I was absolutely floored. Nick’s life seemed so contradictory– rubbing elbows with the skiing world’s glitterati then returning to his home on wheels, eating stale Raisin Bran and musing with us about the poetry written on the bus’ haiku wall. It wasn’t long after this that Allie started talking about her Airstream, how she yearned for a home with wheels. “I could never do that,” I marveled to myself when she left Durango in her newly bought veggie oil-converted truck, en route to buy an Airstream in Boulder.

And as there are bumps in every country road, Allie’s road held some unseen dips and holes. Only a few miles outside of Boulder on the return trip to Durango, her veggie engine seized. She ended up stranded for a month, refiguring her dream and reworking logistics. She eventually hitched a ride to 5point Film Festival in Carbondale, CO, then to Durango to empty her room before her lease was up. She invited Greer and I over to share some beers and keep her company while she packed. We’d received a few cryptic text messages from her while she was in Carbondale, and were thus curious as to where this meeting would go.

Elvira, Allie's doomed veggie-oil truck, being hauled off in Boulder

We learned that when she was at 5point, Allie screened “180 South,” a film about Jeff Johnson’s re-creation of Yvan Chouinard and Doug Tompkin’s 1968 voyage to Patagonia to climb a new route on Mt. Fitzroy. Yvan and Doug traveled by van through South America for months, and they made a film too, called “Mountain of Storms.” Jeff’s voyage was a passion project ten years in the making, a trip by land and by sea. “180 South” weaves his trip together with South America’s ecological devastation, a cause that Doug Tompkin has devoted his life to. Allie told us she was so inspired by all this that she’d decided she ought to document an adventure of her own. She said she wanted to make a film about the ever-roaming community she was about to join in her Airstream, while taking a stand for her country’s environmental woes.

I had never heard of Yvan or Doug or any sort of Patagonian adventure and was completely perplexed by the idea of “dirtbagging,” but Allie had the fire in her eyes.
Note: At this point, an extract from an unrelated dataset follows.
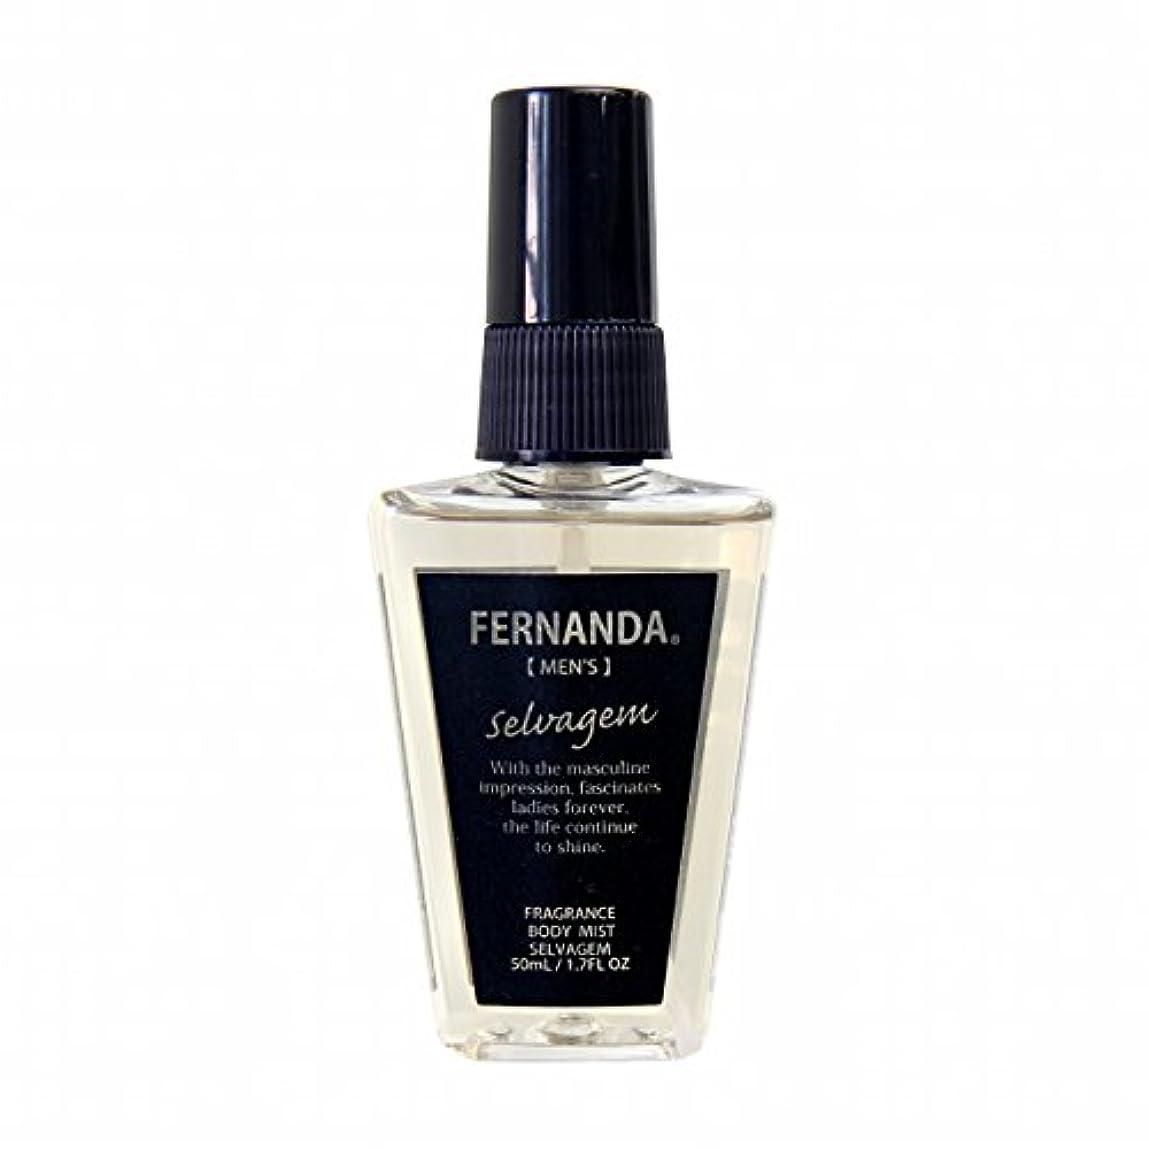 予測領収書変装したFERNANDA(フェルナンダ) Body Mist For MEN Selvagem (ボディミスト フォーメン セルヴァジェン)
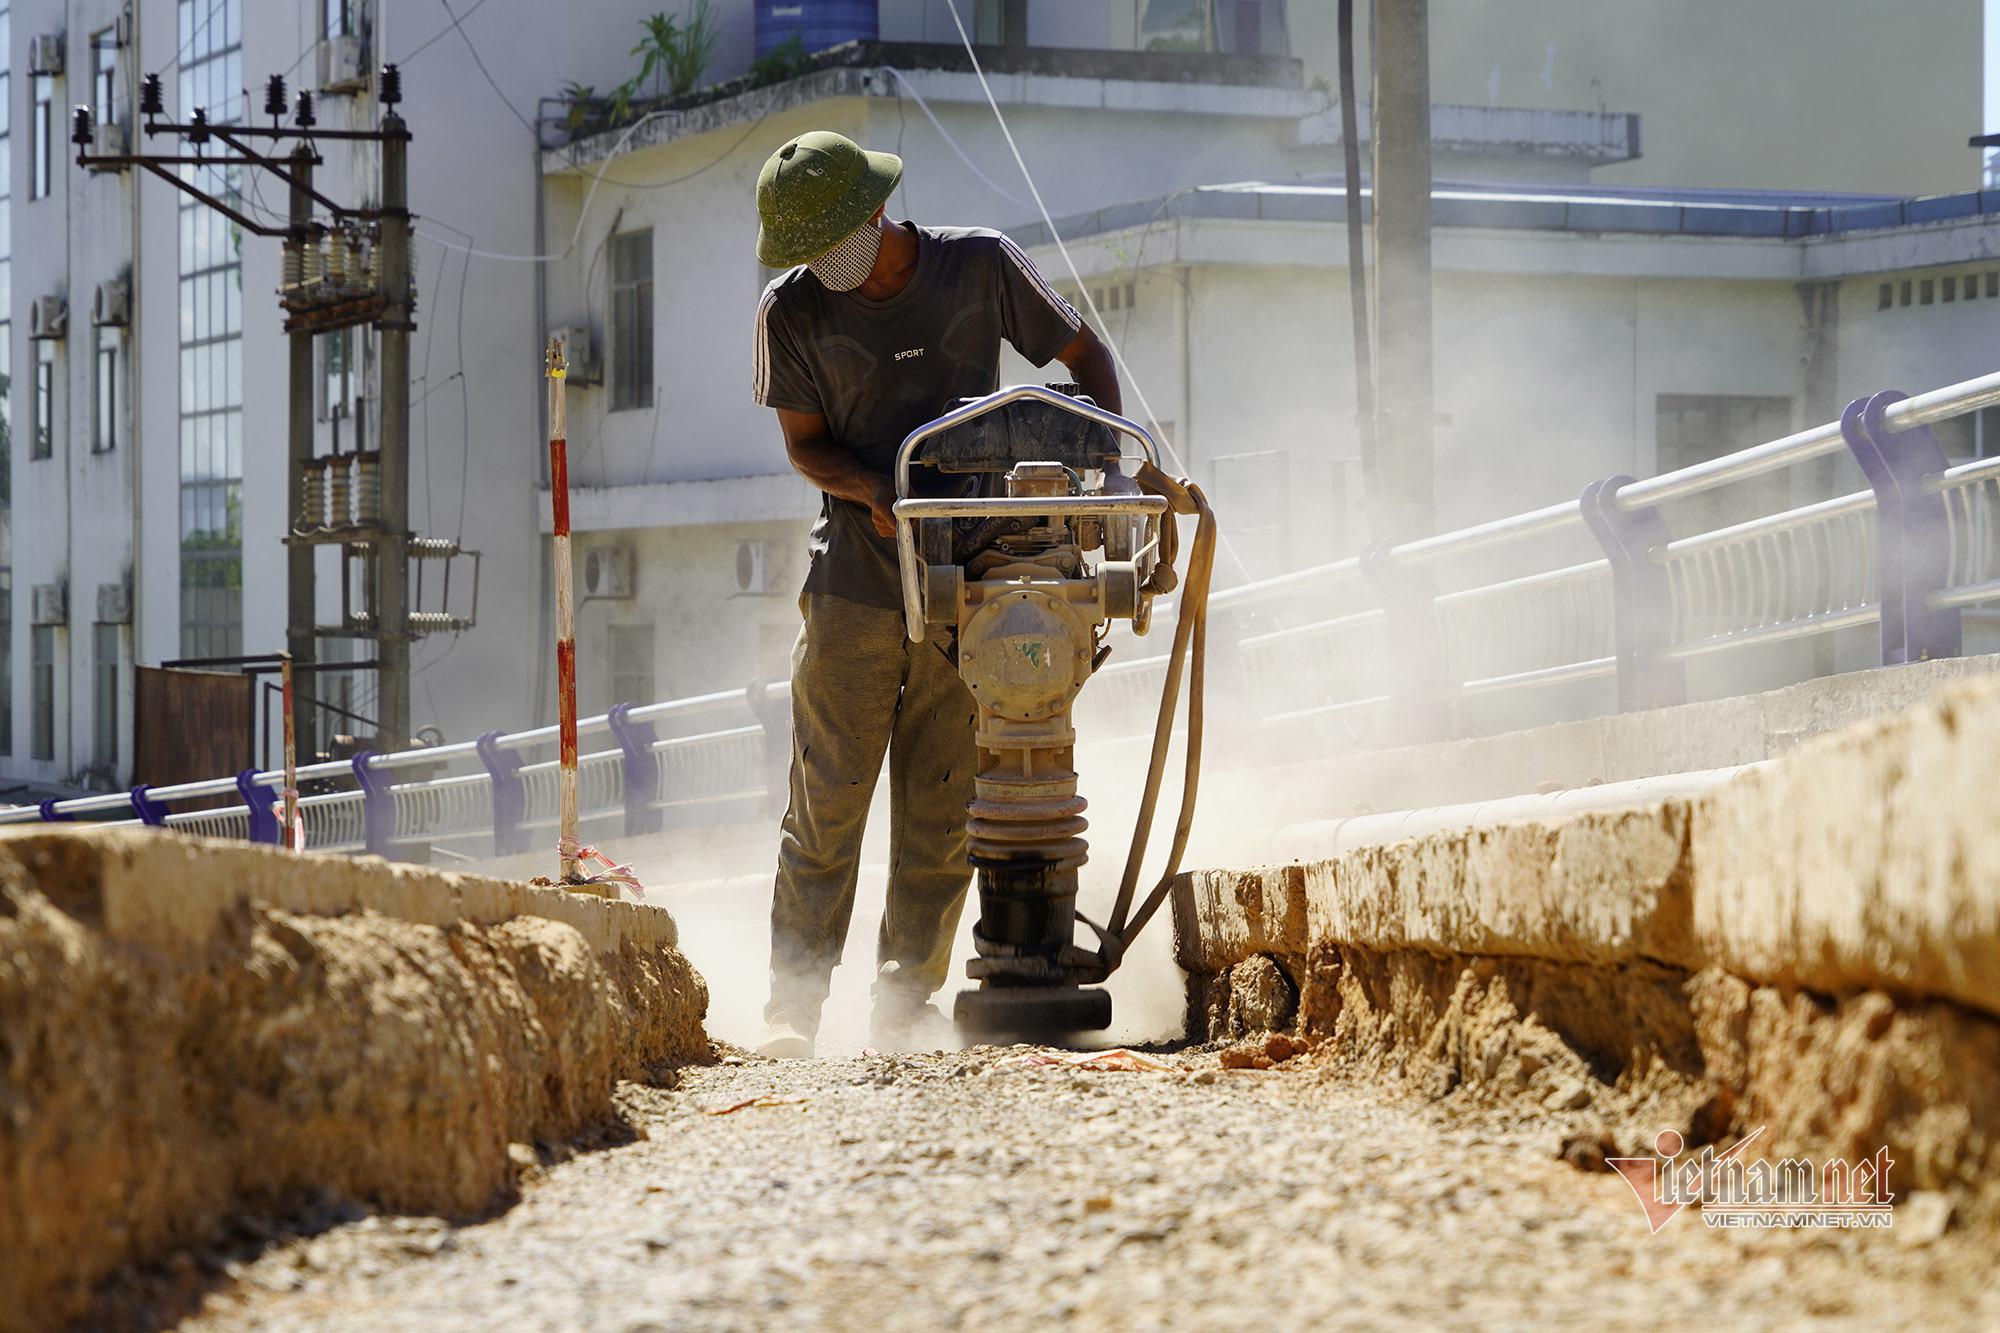 Quảng Ninh hỗ trợ 32 tỷ đồng cho người lao động gặp khó khăn vì dịch

From the minute she pitched us the project, it was a done deal. She stormed into my life and flung open a door that I had never even noticed before. I was inspired, and that day I was given license to be a filmmaker, adventurer and the writer I’d always fancied myself to be.

I hope this experience will ultimately yield a film about what can happen when people get inspired. Every person we are searching for is doing something courageous – railing against the status quo and pushing for their passion. We hope to discover what motivates them, what pushes them, what unlocks the hidden doors in their hearts.